Она скривилась. – Я потеряла понимание смысла путешествия. Ведет Скол. А я… я уже не понимаю, почему еще не покинула вашу кислую компанию.
– Значит, задумываешь нас бросить?
Она пожала плечами.
– Не надо, – сказал сзади Фир.
Она удивленно повернула голову: – Почему?
Воин казался выведенным из равновесия своими же словами. Он колебался.
«Что еще, новая тайна?»
Удинаас засмеялся: – Его брат протянул тебе меч, аквитор. Фир понимает: это была не простая любезность. Готов биться об заклад, что и ты взяла его не просто так…
– Ты ничего не понимаешь, – сказала Серен. Ее вдруг охватило беспокойство. – Тралл уверил меня, что не имел ничего…

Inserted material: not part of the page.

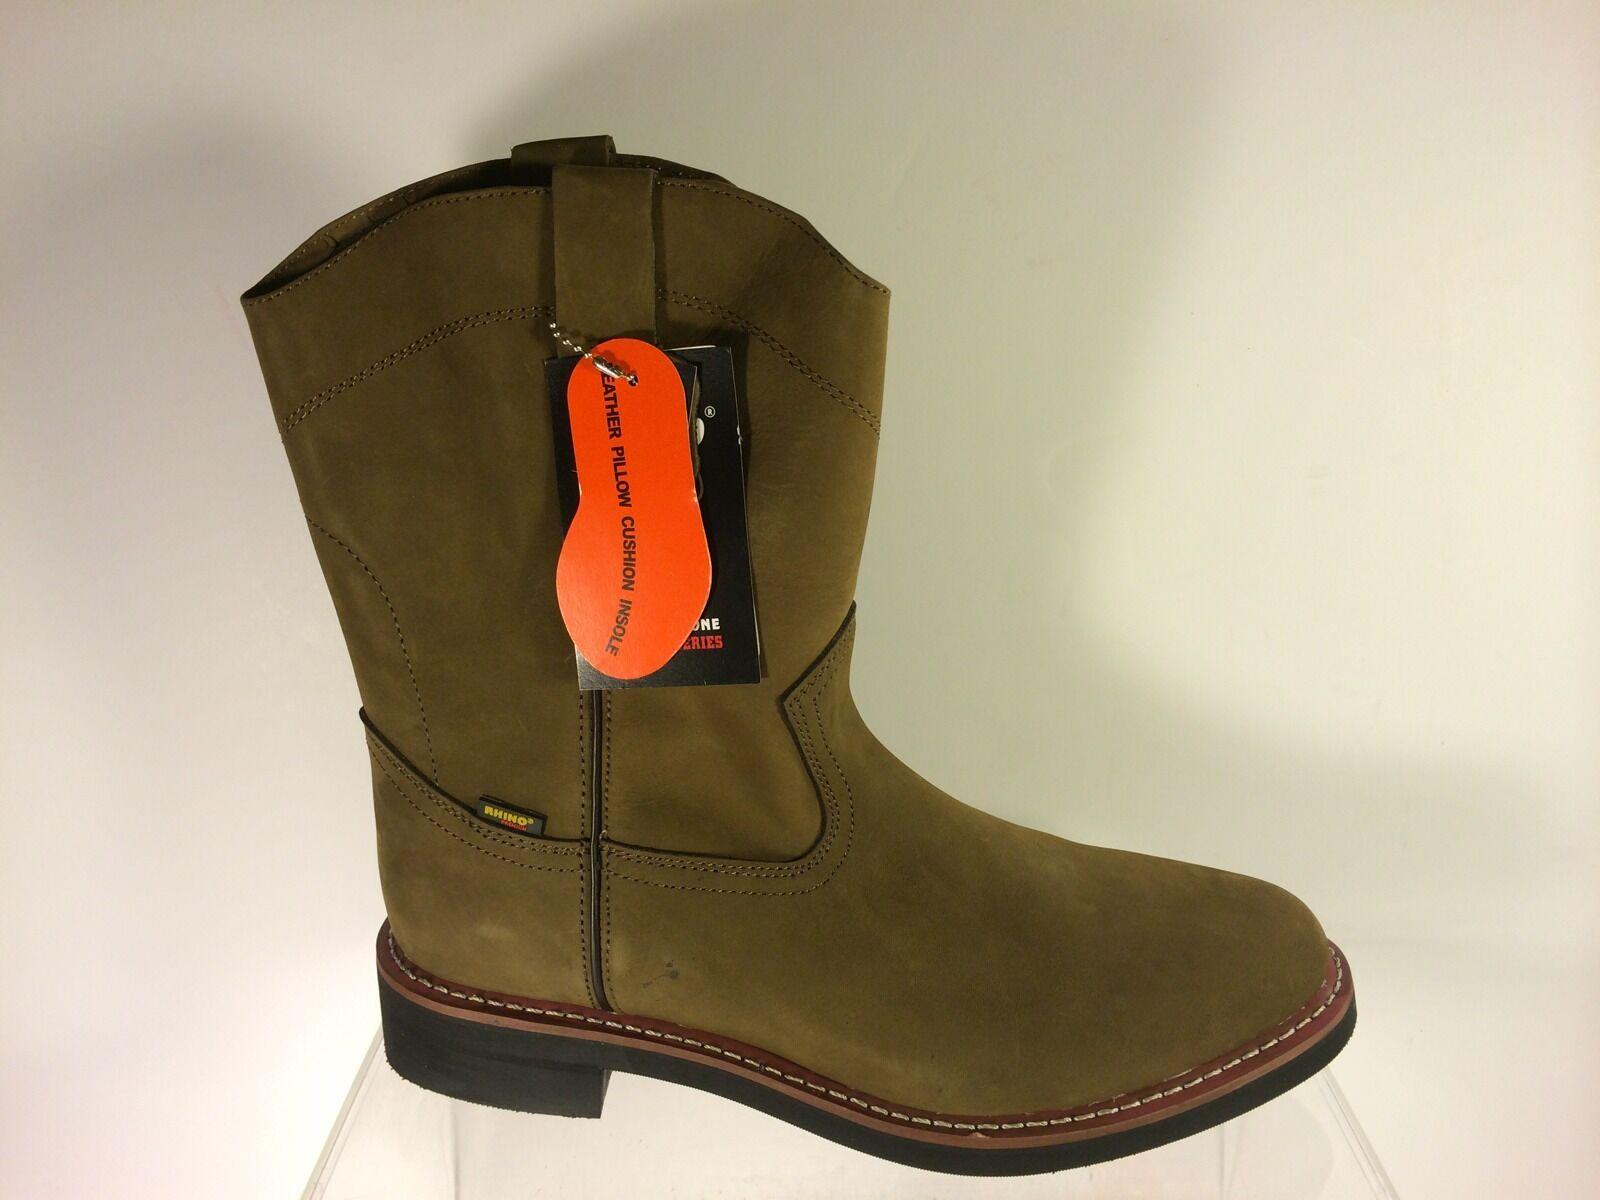 Serie de vaquero occidental Rhino Premium Wellington botas para hombre 12

– Ты веришь, что все вокруг откровенны? – спросил бывший раб. – В каком мире ты обитаешь? – Он снова засмеялся. – Уверен, что не в том же, что я. Разве за каждым сказанным нами словом не таятся тысячи не сказанных? Разве мы зачастую говорим не то, что хотели сказать, а нечто противоположное? Женщина, посмотри на нас. Посмотри на себя. Наши души тоже заключены в зачарованную крепость. Да, мы построили ее собственными руками – каждый из нас – но успели забыть половину залов и коридоров. Мы вваливаемся в комнату кипящего гнева и тут же выбегаем, чтобы собственные эмоции не сожгли нас заживо. В других местах холодно словно во льду – они холоднее, чем здешняя замороженная земля. Иные остаются вечно темными – ни одна лампа не работает, свечи гаснут, как будто там нет воздуха. Мы шатаемся, шарим руками, наталкиваясь на незримую мебель и на стены. Мы смотрим в широкие окна, но не верим тому, что увидели. Мы наряжаемся в латы, сражаясь против фантастических угроз, но каждая тень и каждый шепот цедит нашу кровь.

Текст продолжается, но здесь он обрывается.